In a study at the National Cancer Institute called the Polyp Prevention Trial (PPT), published in the Journal of Nutrition, participants were put on a high-fiber diet with an abundance of fruits and vegetables. Researchers focused on the recurrence of colorectal adenomas (polyps).

After adjusting for variables, it was found that the one food that made the most difference in whether or not participants had a recurrence of adenomas was the amount of beans they consumed. Many researchers believe this is because beans were the highest source of dietary fiber for most of the study participants.

But, fiber doesn’t just reduce the risk of colorectal cancer.

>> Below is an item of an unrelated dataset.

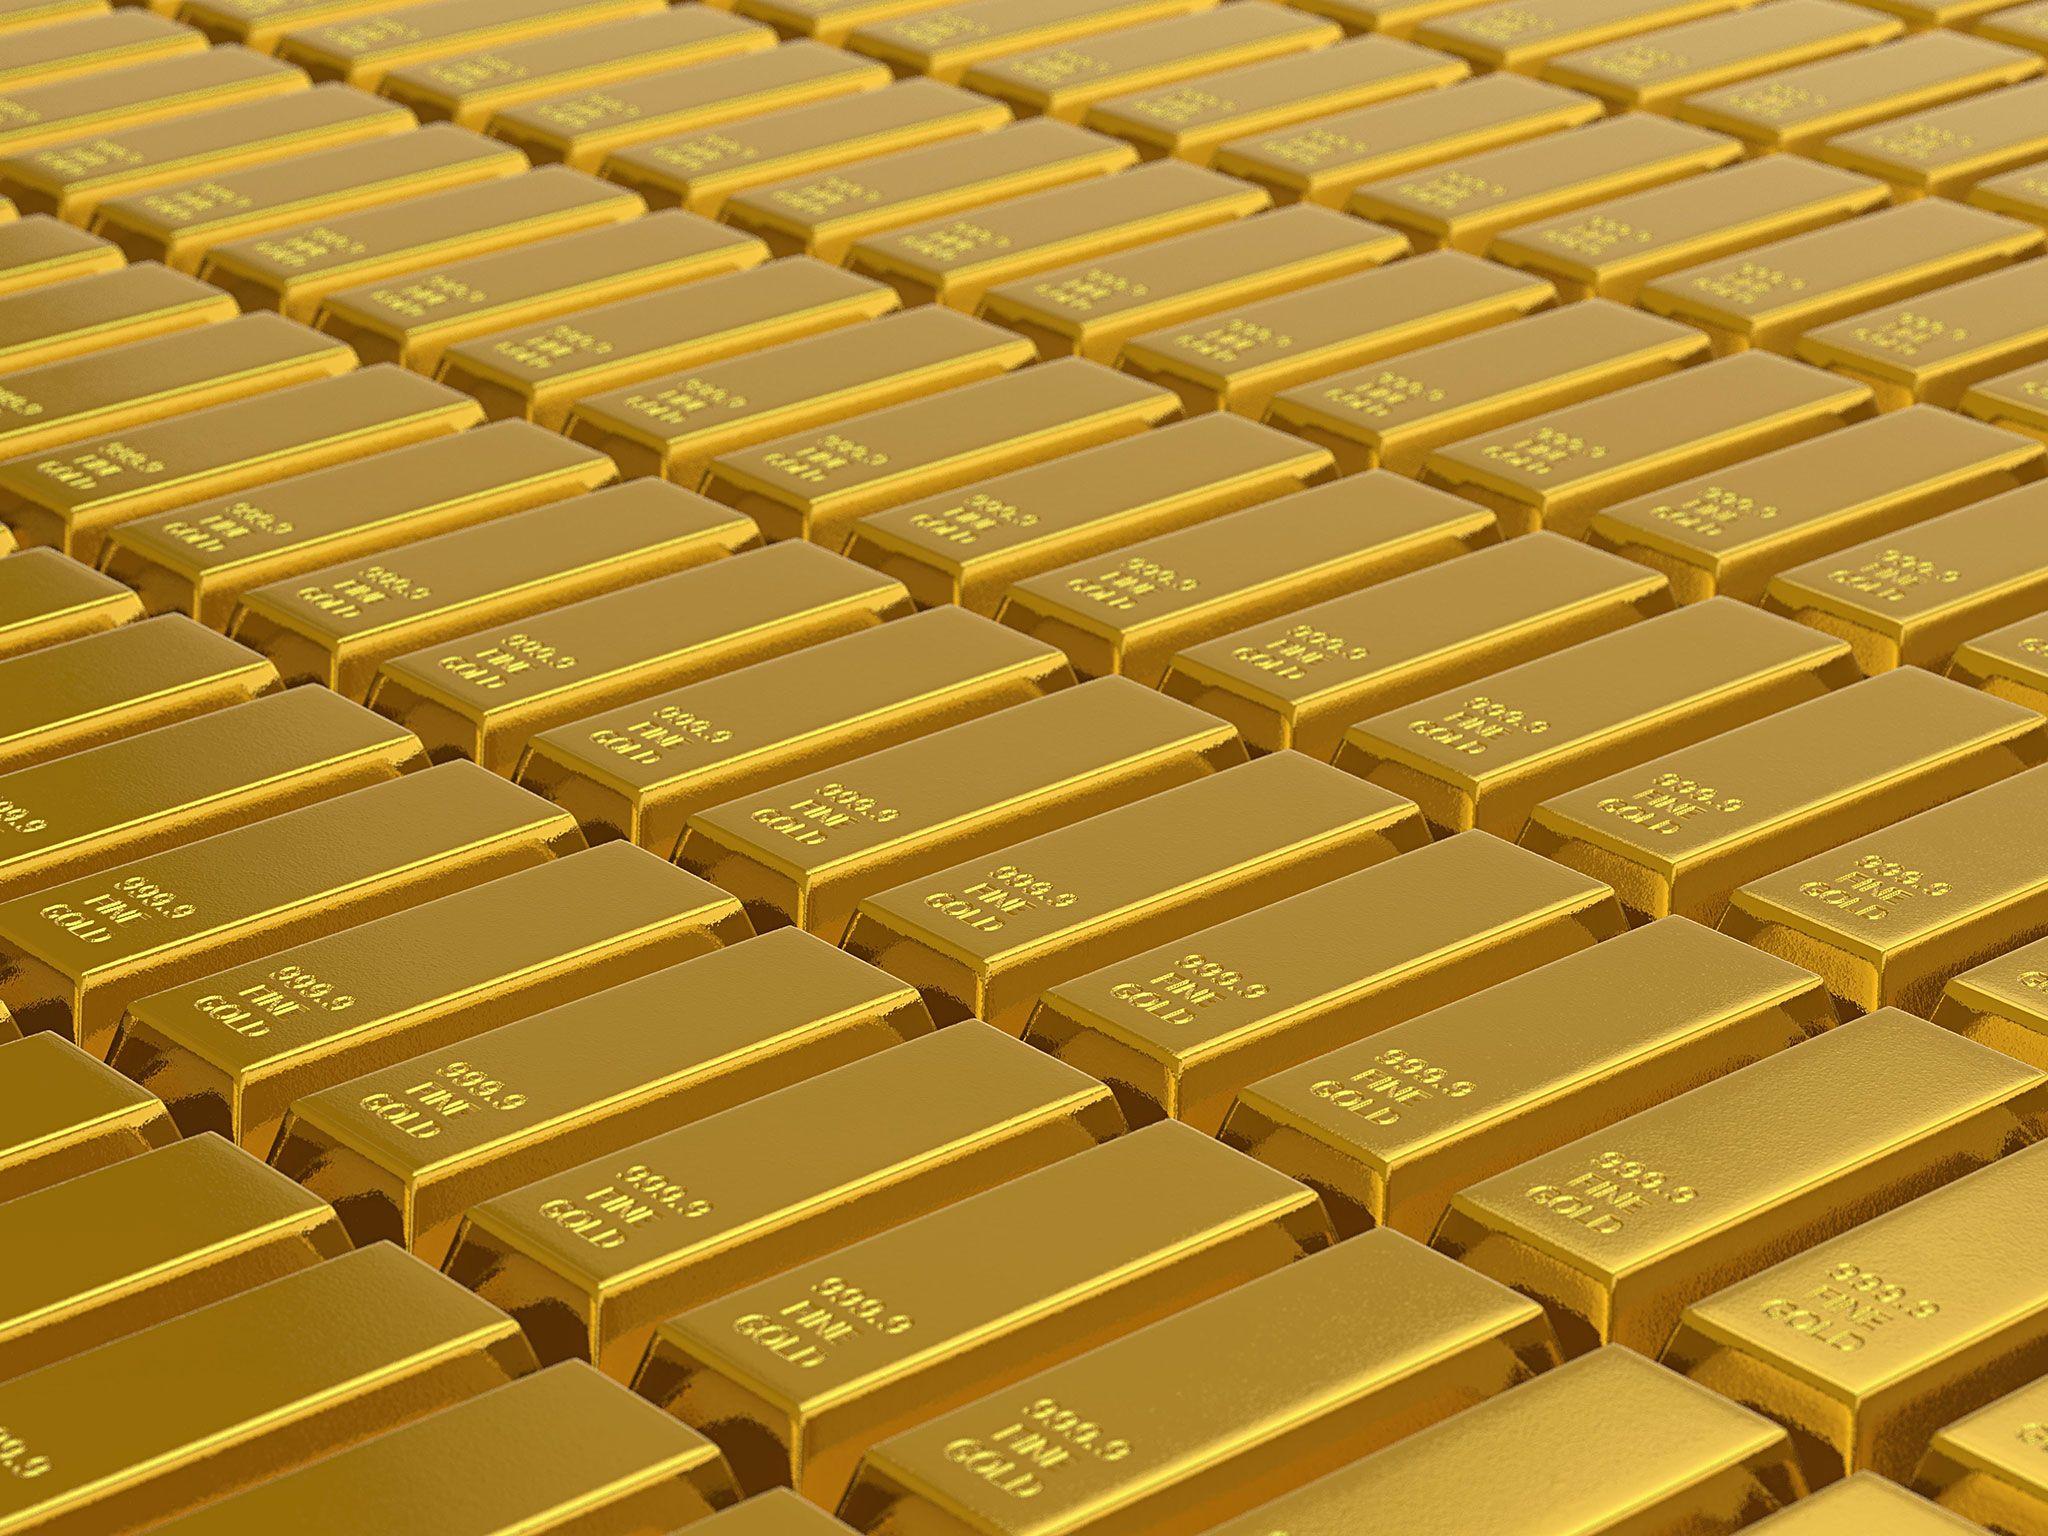 Gold could be used to treat cancer, scientists say. Radical

It also reduces the risk of other forms of cancer as well, including cancers of the breast, prostate, mouth, and throat.

Every 10 grams of fiber you eat is associated with a 10 percent reduced risk of colorectal cancer and a 5 percent fall in breast cancer risk, according to a study published in the Annals of Oncology.

Another study published in Pediatrics showed how women who consumed 28 grams per day of fiber had a 24 percent lower risk of developing breast cancer before menopause, compared with women who ate 14 grams per day.

The women who consumed the higher amount of dietary fiber also reduced their lifetime risk of developing breast cancer by 16 percent.

Fiber Is Good for Heart Health

Many cardiologists recommend eating oatmeal for breakfast. Their #1 reason? Oatmeal is full of soluble fiber.

Researchers don’t yet fully understand the mechanisms behind fiber’s LDL (“bad”) cholesterol-lowering power, but according to a study published in the American Journal of Clinical Nutrition, the soluble fiber from oats can decrease LDL cholesterol without affecting HDL (“good”) cholesterol.

In a review and meta-analysis of 22 different publications in the BMJ, greater dietary fiber was found to be associated with a lower risk of both cardiovascular disease and coronary artery disease.

High-fiber foods may also have other benefits for heart health, such as reducing blood pressure and inflammation.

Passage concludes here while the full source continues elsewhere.